→ **Work order**
Exact reproduction is required for the lines below starting at the line with "Samsung SM-N9005ZKEMEO, SM-N9005ZKEXEO, SM-N9005ZWEVD2" and ending at the line with "Schild mit der", both included. No other lines, and no pictures.

→ **Material for the task**

[Start of section]

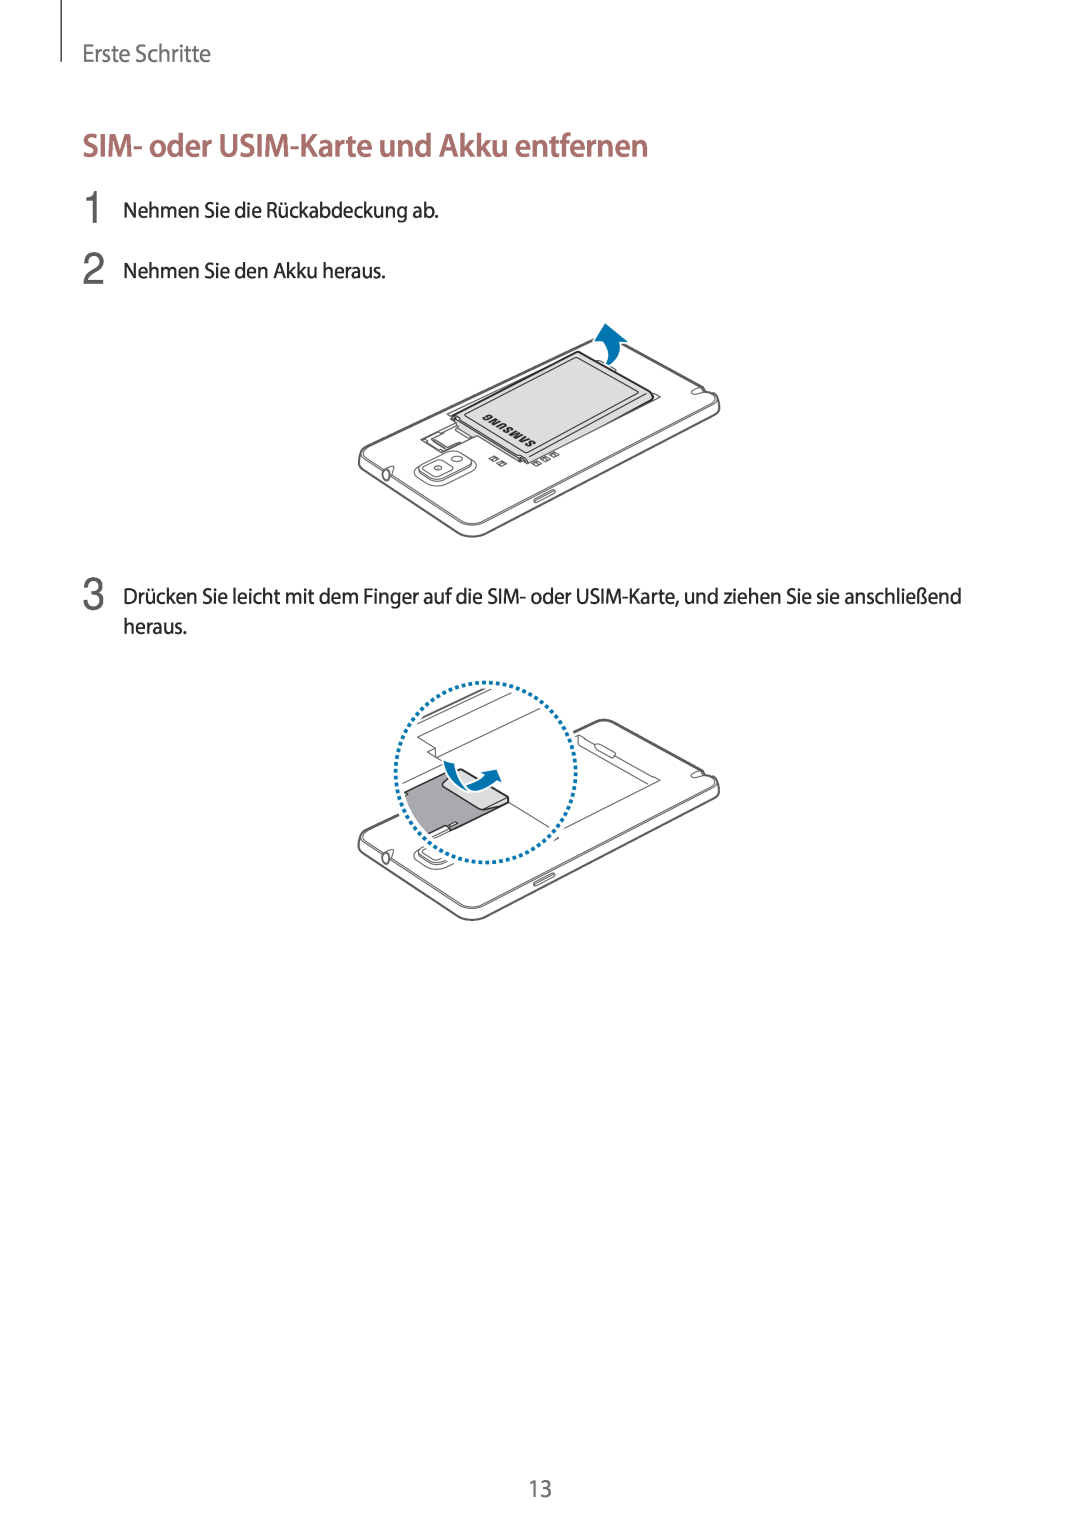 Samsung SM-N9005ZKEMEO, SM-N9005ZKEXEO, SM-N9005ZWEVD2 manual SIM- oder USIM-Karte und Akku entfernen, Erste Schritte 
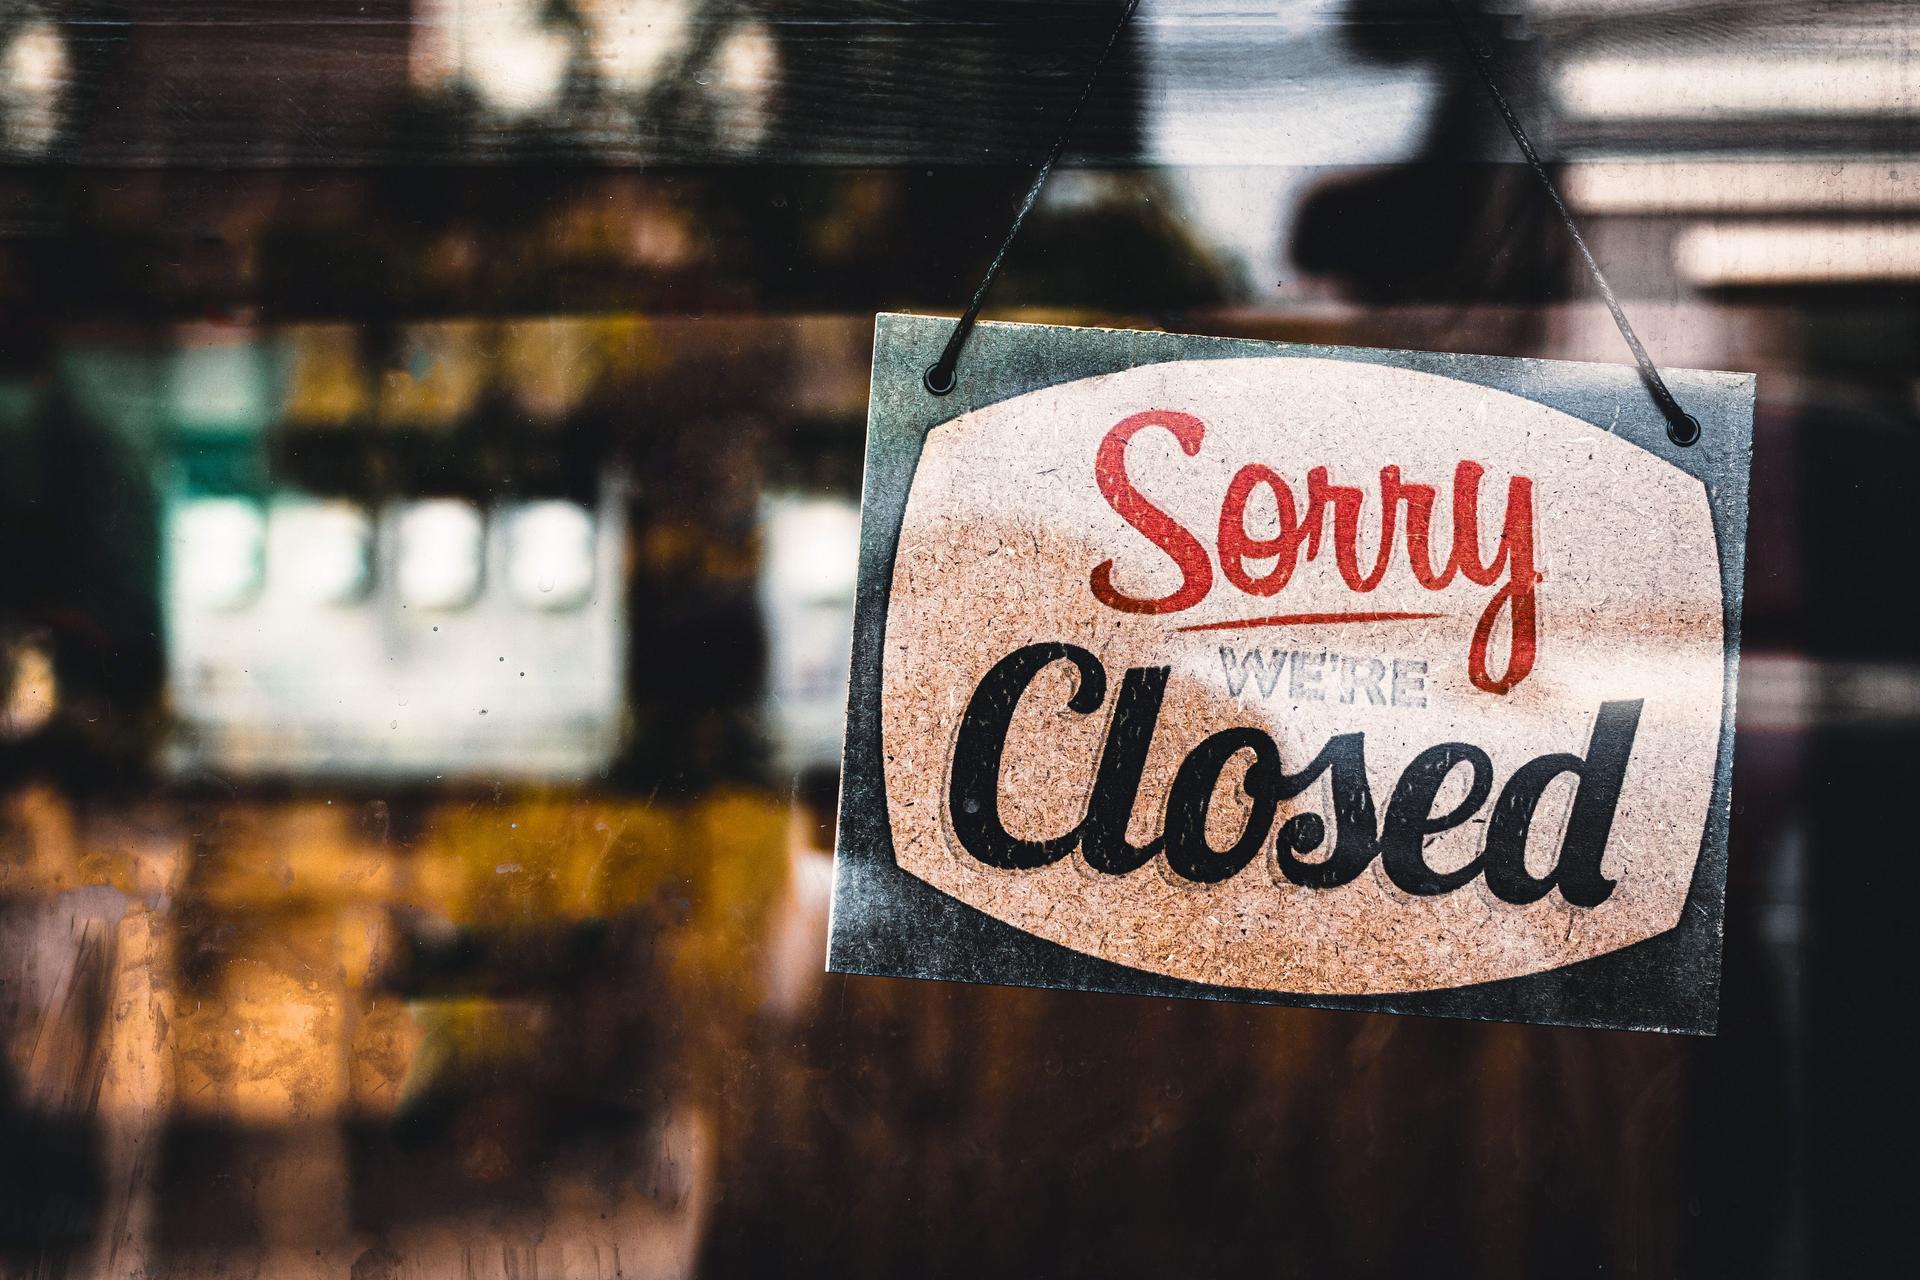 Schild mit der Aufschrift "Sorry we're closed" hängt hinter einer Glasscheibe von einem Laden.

[End of section]
[Start of section]

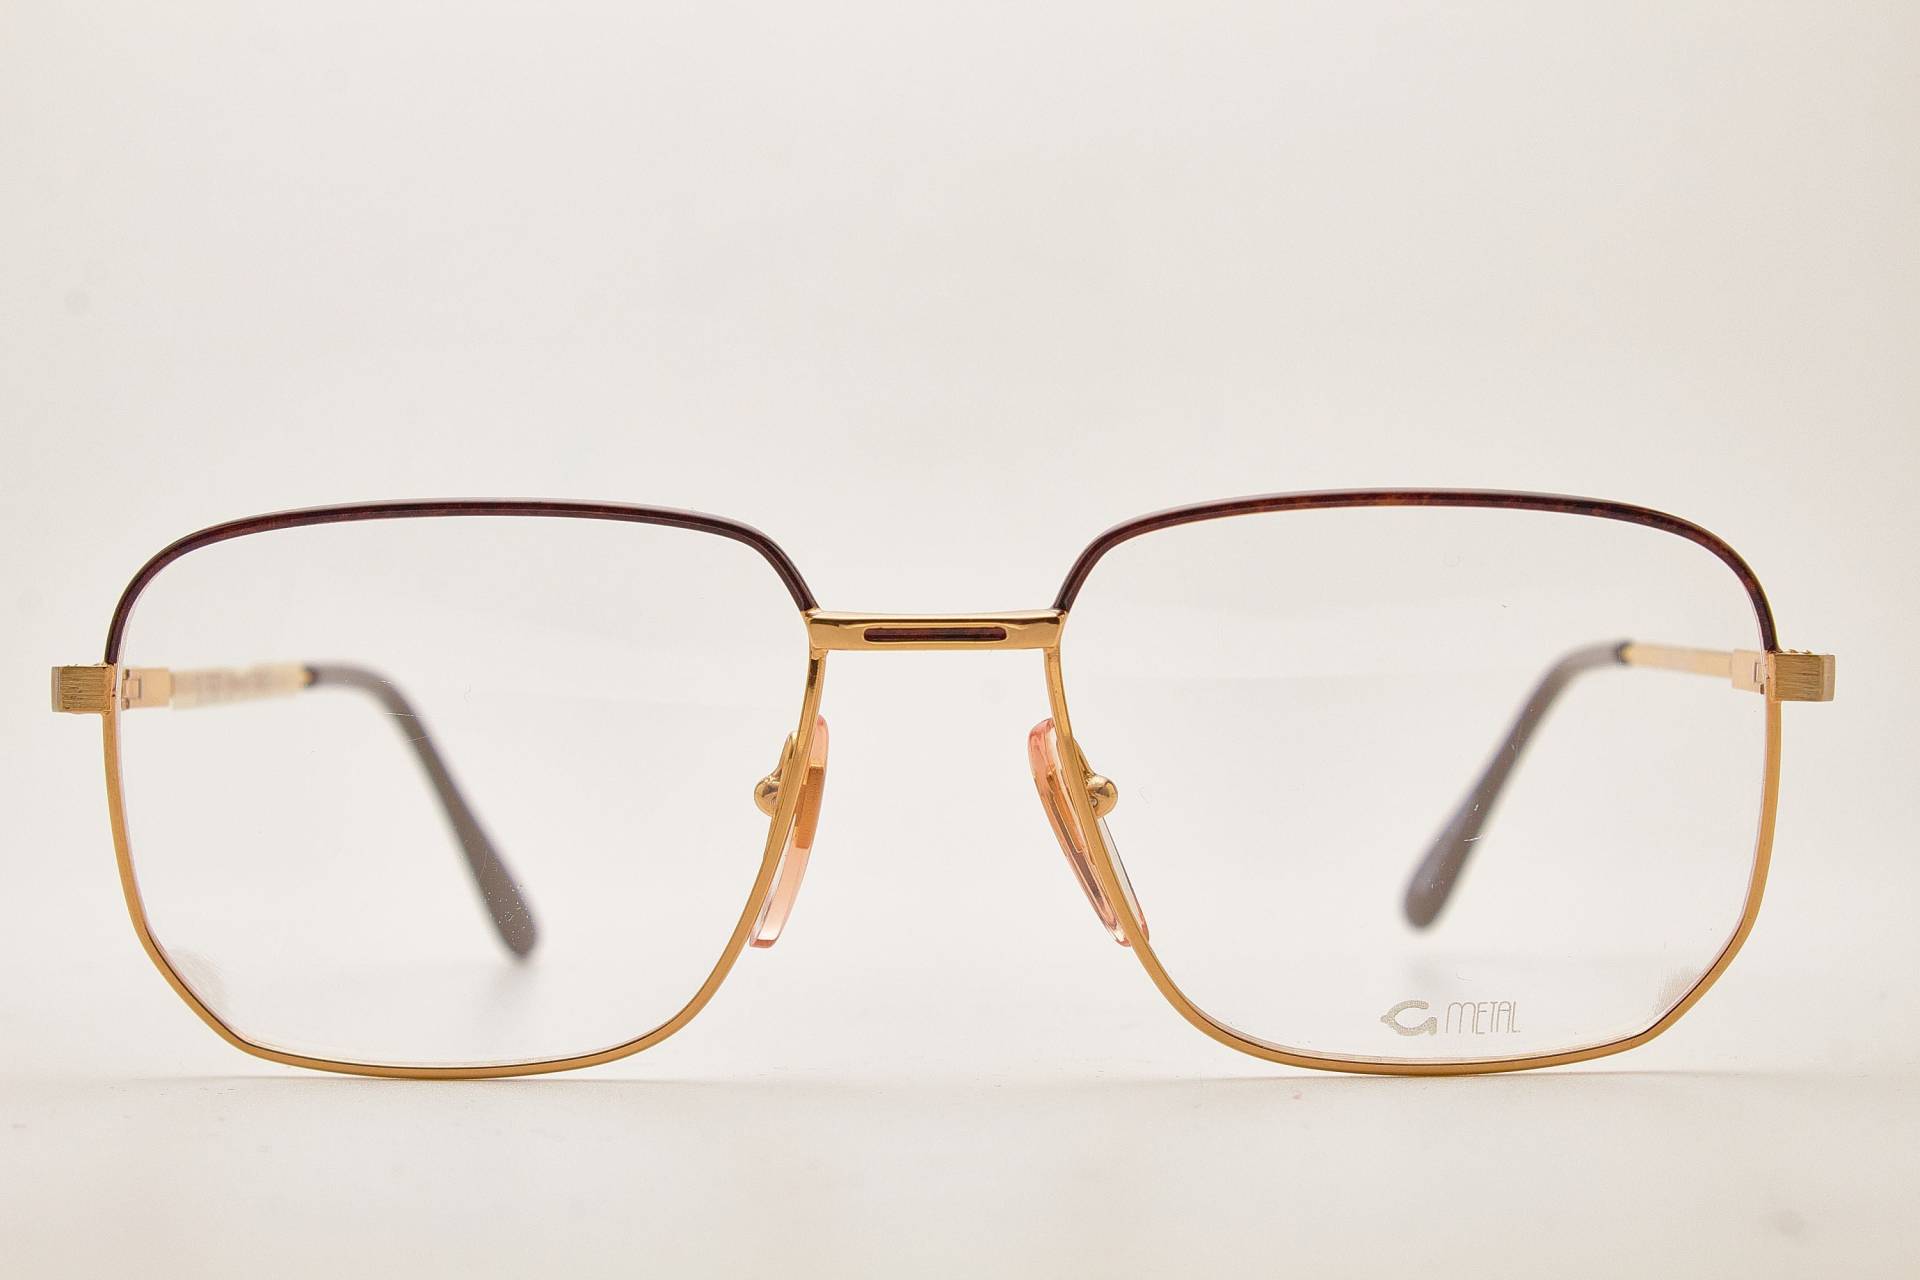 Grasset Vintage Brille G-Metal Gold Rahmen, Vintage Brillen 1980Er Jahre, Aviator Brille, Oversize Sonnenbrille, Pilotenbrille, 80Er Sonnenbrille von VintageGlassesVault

[End of section]

→ **Your response**
 Samsung SM-N9005ZKEMEO, SM-N9005ZKEXEO, SM-N9005ZWEVD2 manual SIM- oder USIM-Karte und Akku entfernen, Erste Schritte 
 Schild mit der Aufschrift "Sorry we're closed" hängt hinter einer Glasscheibe von einem Laden.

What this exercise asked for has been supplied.